Smallpox - Chem-Bio-Rad Suspicion
There are 4 clinical subtypes of smallpox: ordinary, modified, flat, and hemorrhagic; 90% of all smallpox cases were ordinary. Modified smallpox occurs in persons that have already been vaccinated against smallpox. Flat and hemorrhagic smallpox are very severe and rare.
Humans are the only known hosts of the variola virus; there are no animal or insect vectors. Smallpox is extremely contagious, with only 5-10 virions sufficient to produce infection. It is easily spread person to person by respiratory droplets and/or contact with bodily fluids, lesions or scabs, and contaminated clothing or bedding. On rare occasions, in enclosed spaces, it has been transmitted by virus carried in the air. Patients are most contagious from about 24 hours before the typical rash first appears until the scabs heal and fall off. The incubation period lasts from 3-17 days, during which time the patient is not contagious.
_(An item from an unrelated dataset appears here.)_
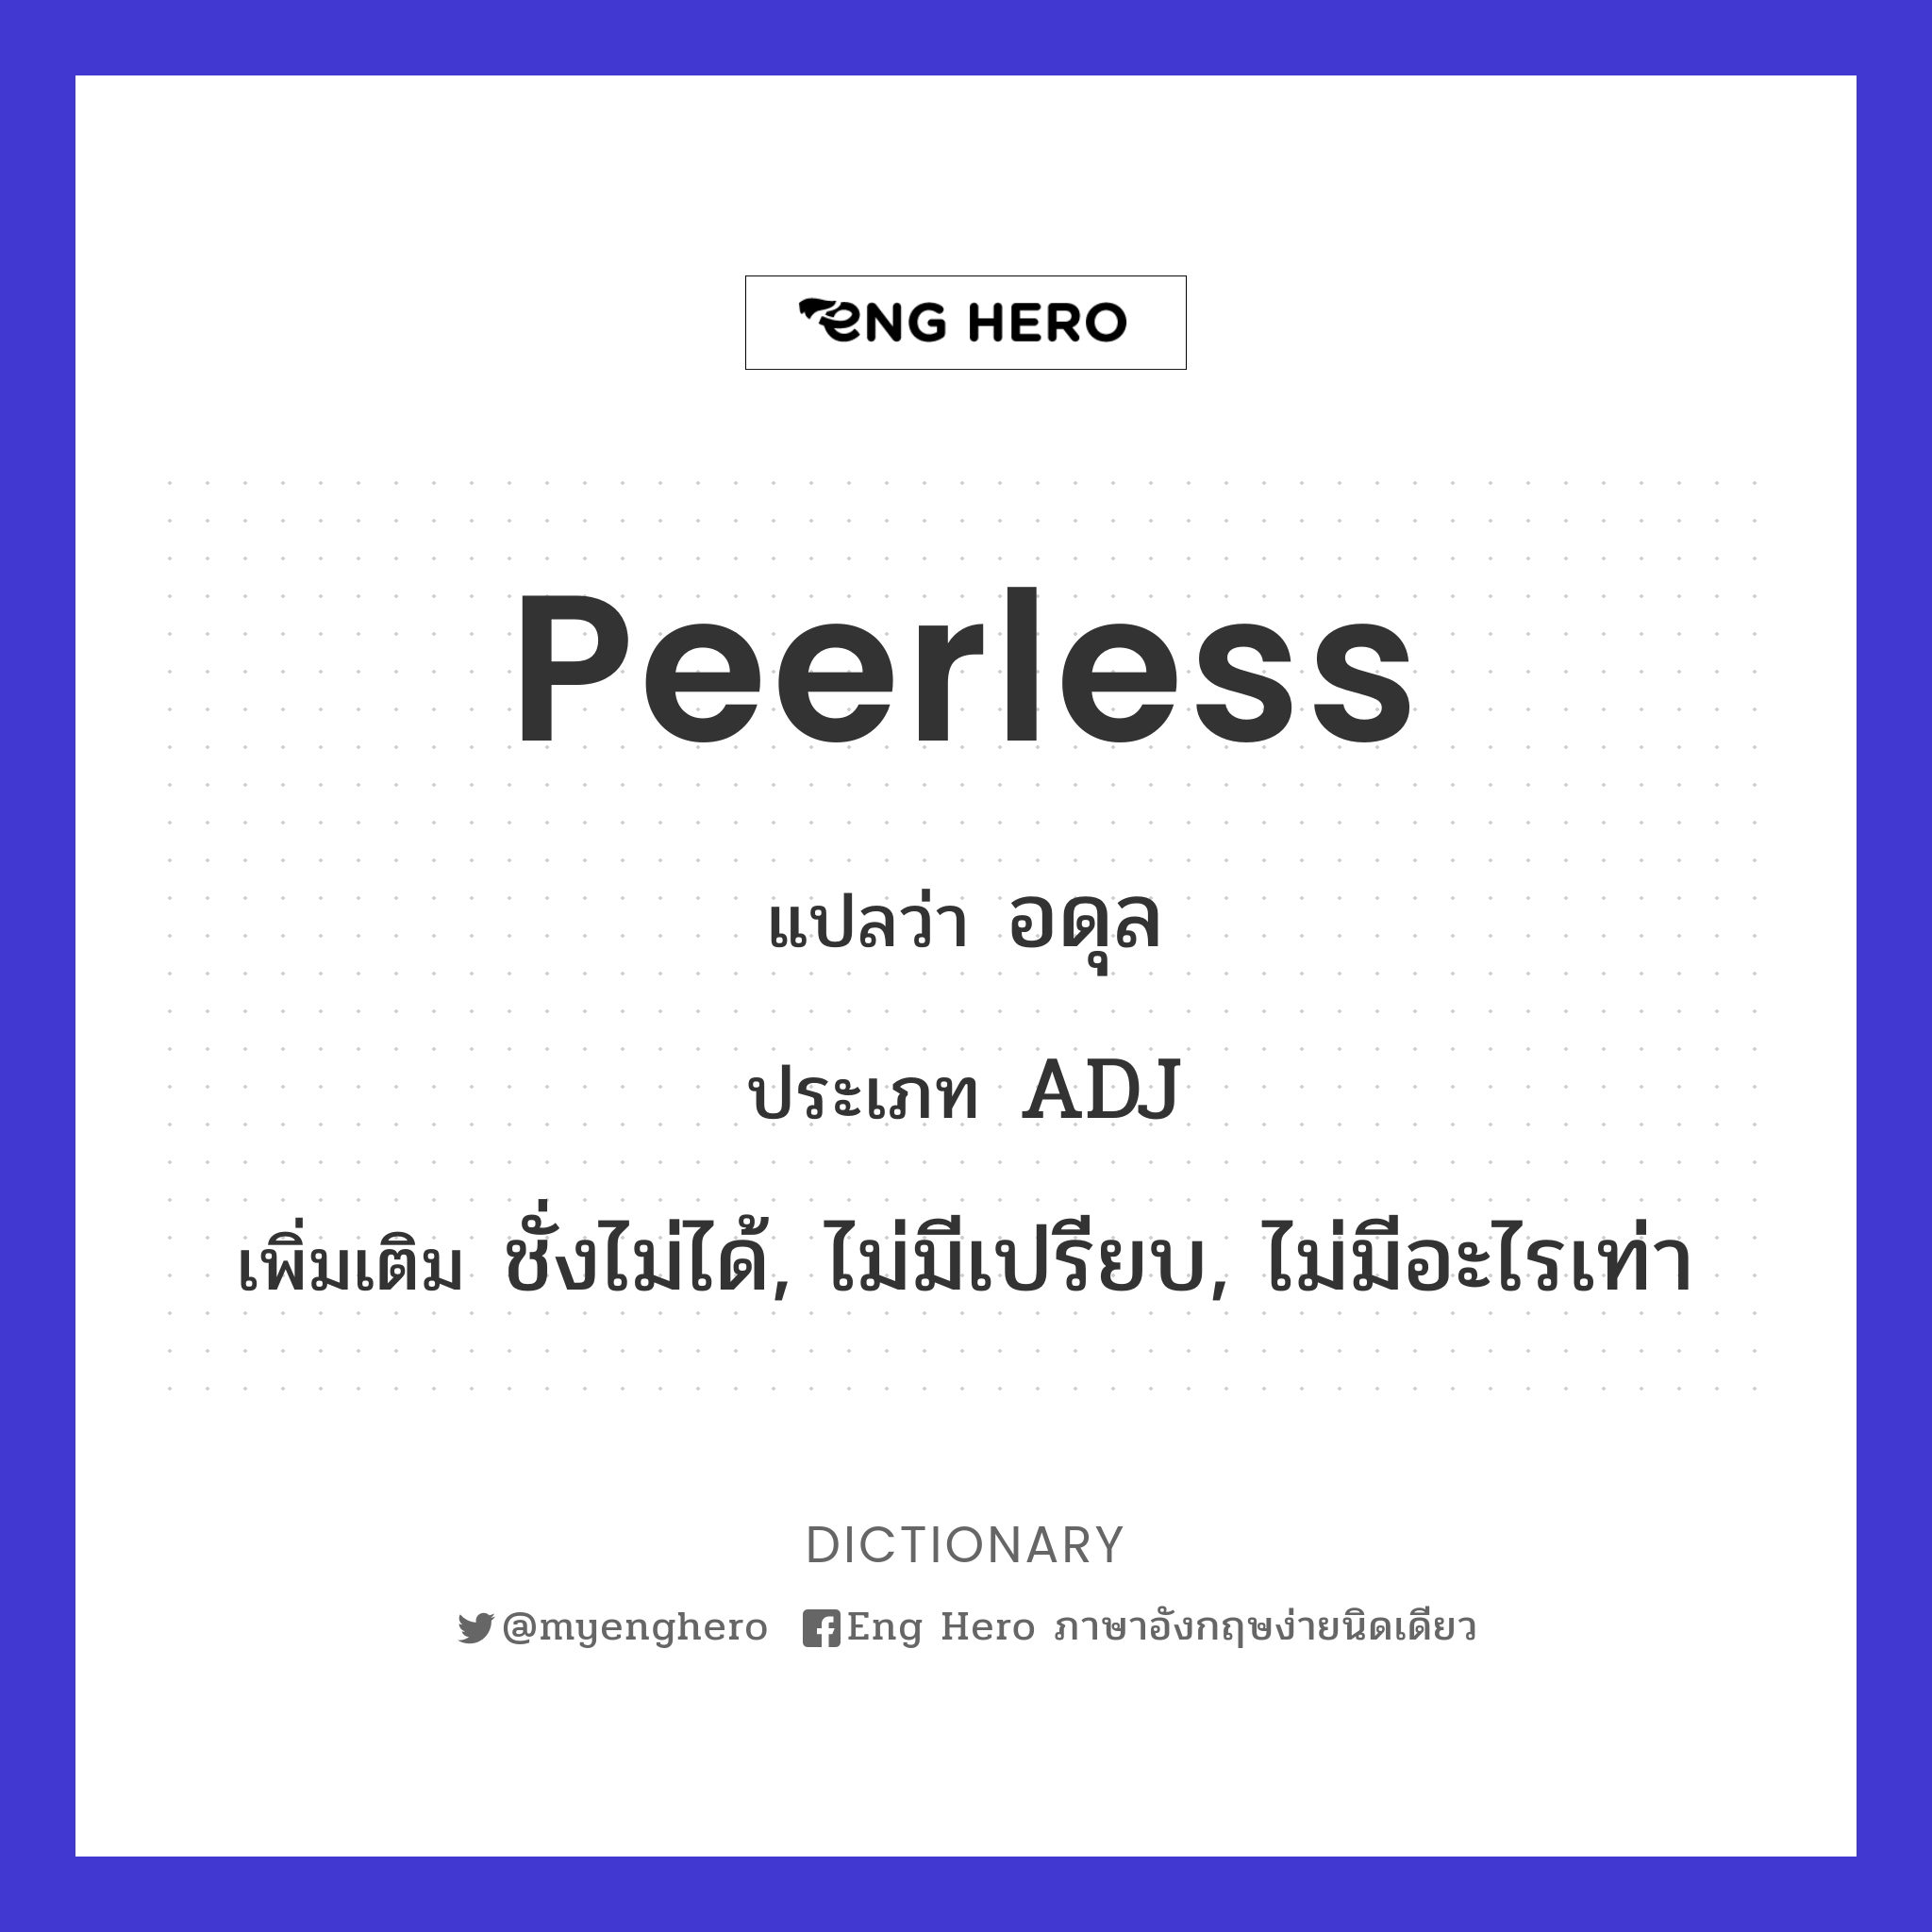 peerless

Smallpox, in all its forms, was declared eradicated in 1980. The virus is stored in only 2 laboratories, the CDC in Atlanta and The Institute for Virus Preparations in Moscow, Russia.
Smallpox is classified as a Category A bioterrorism agent because of its ease of dissemination, contagiousness, and high mortality rate. The most likely method of dispersal would be as an aerosol, but simply having an infected individual walk around infecting others is also a likely mode of dissemination. One case of smallpox most certainly represents a terrorist attack.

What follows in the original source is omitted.